**Recorded information**

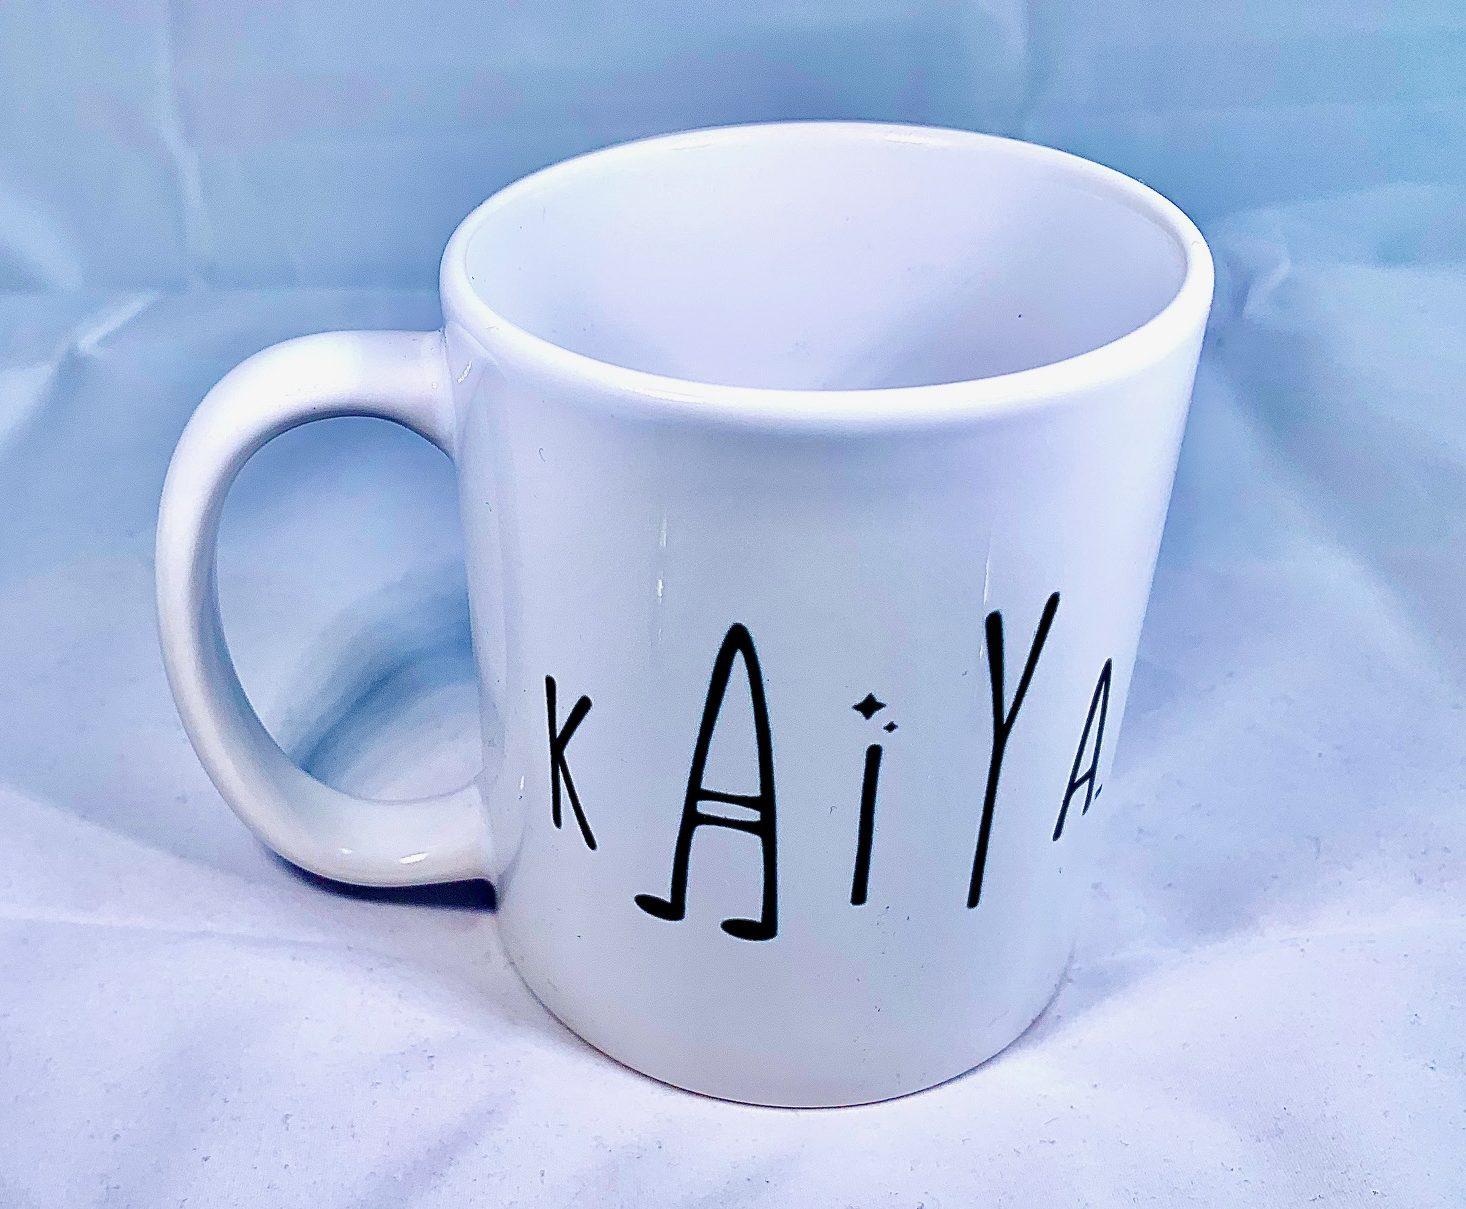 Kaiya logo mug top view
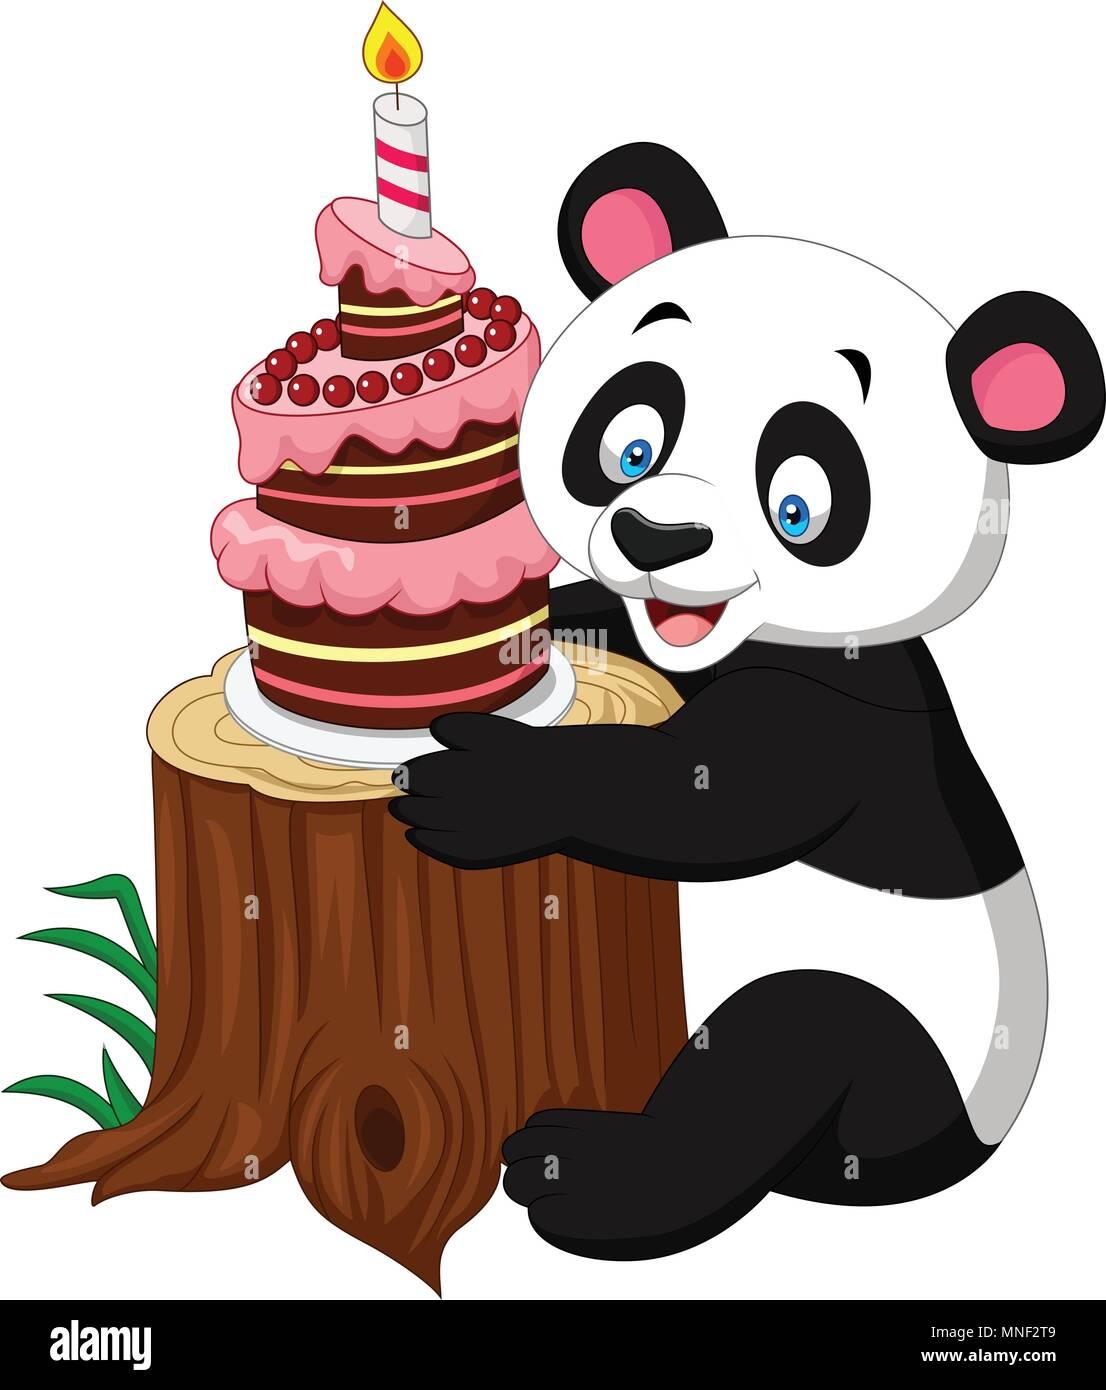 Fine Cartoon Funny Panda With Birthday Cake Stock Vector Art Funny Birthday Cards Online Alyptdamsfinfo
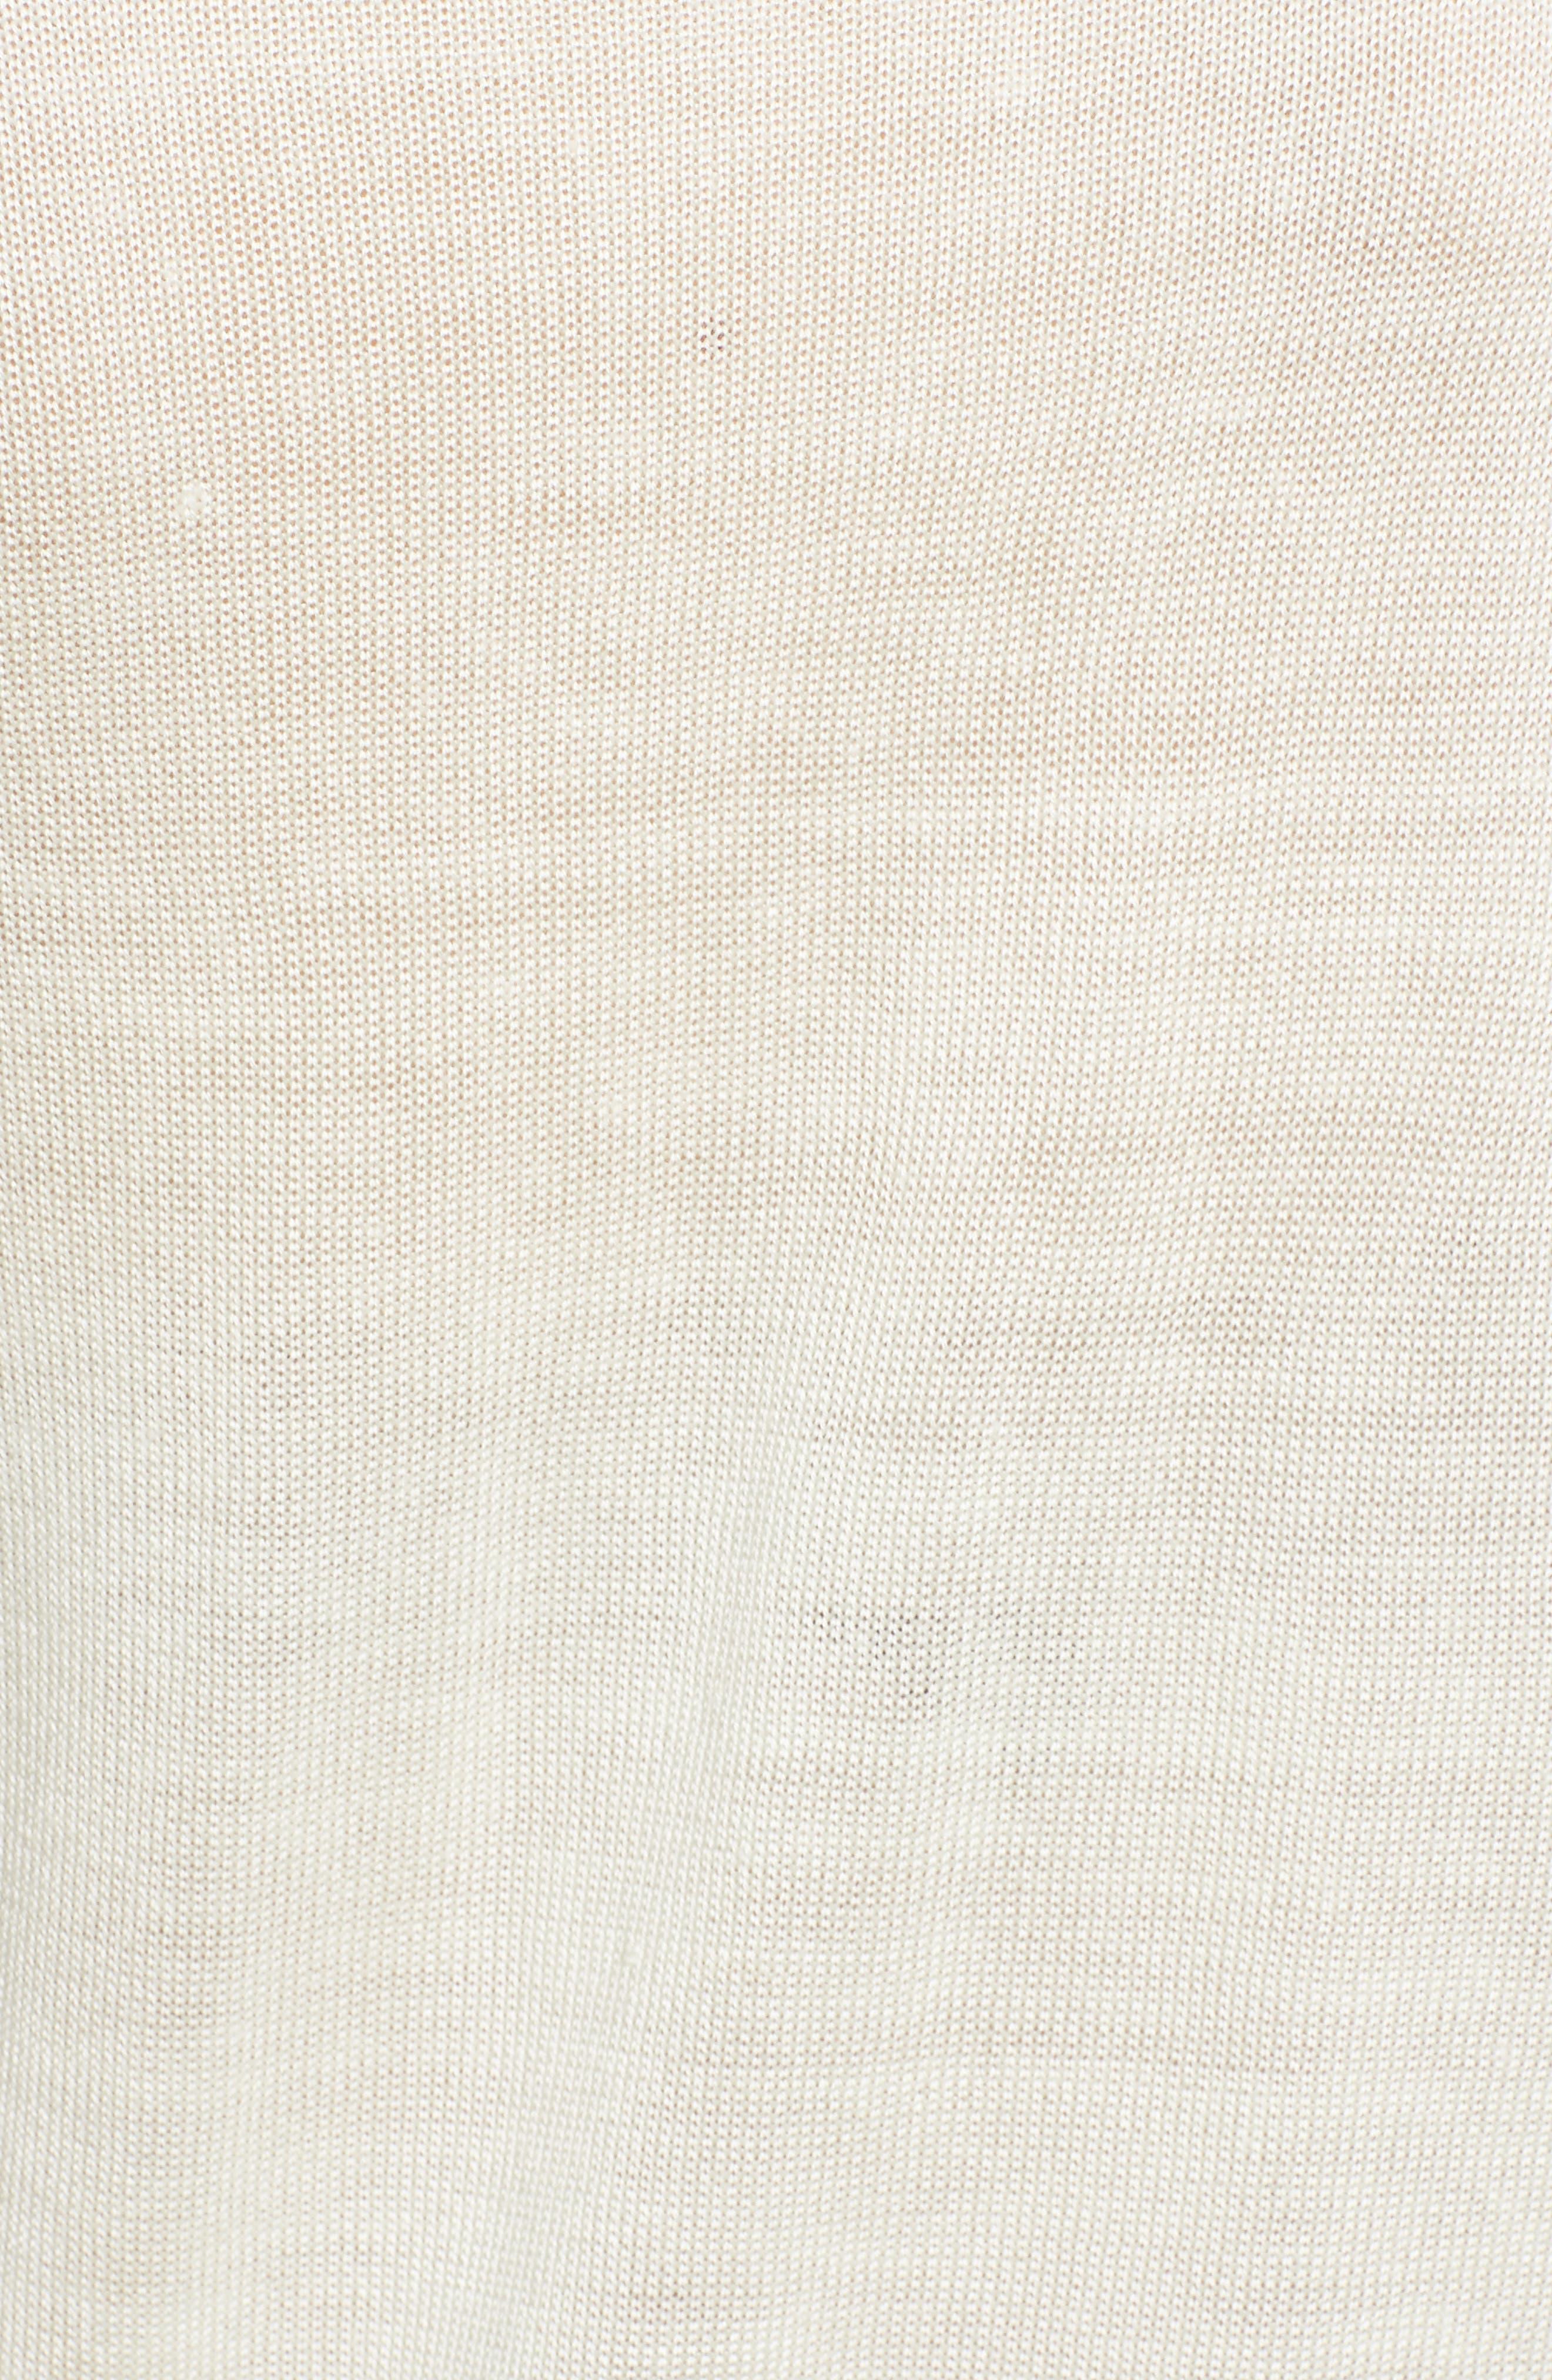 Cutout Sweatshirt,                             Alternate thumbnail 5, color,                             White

**Brief**
All of the data above must be printed exactly, minus its pictures.

**Result for this task**
 Kaiya logo mug top view
 Fine Cartoon Funny Panda With Birthday Cake Stock Vector Art Funny Birthday Cards Online Alyptdamsfinfo
 Cutout Sweatshirt,                             Alternate thumbnail 5, color,                             White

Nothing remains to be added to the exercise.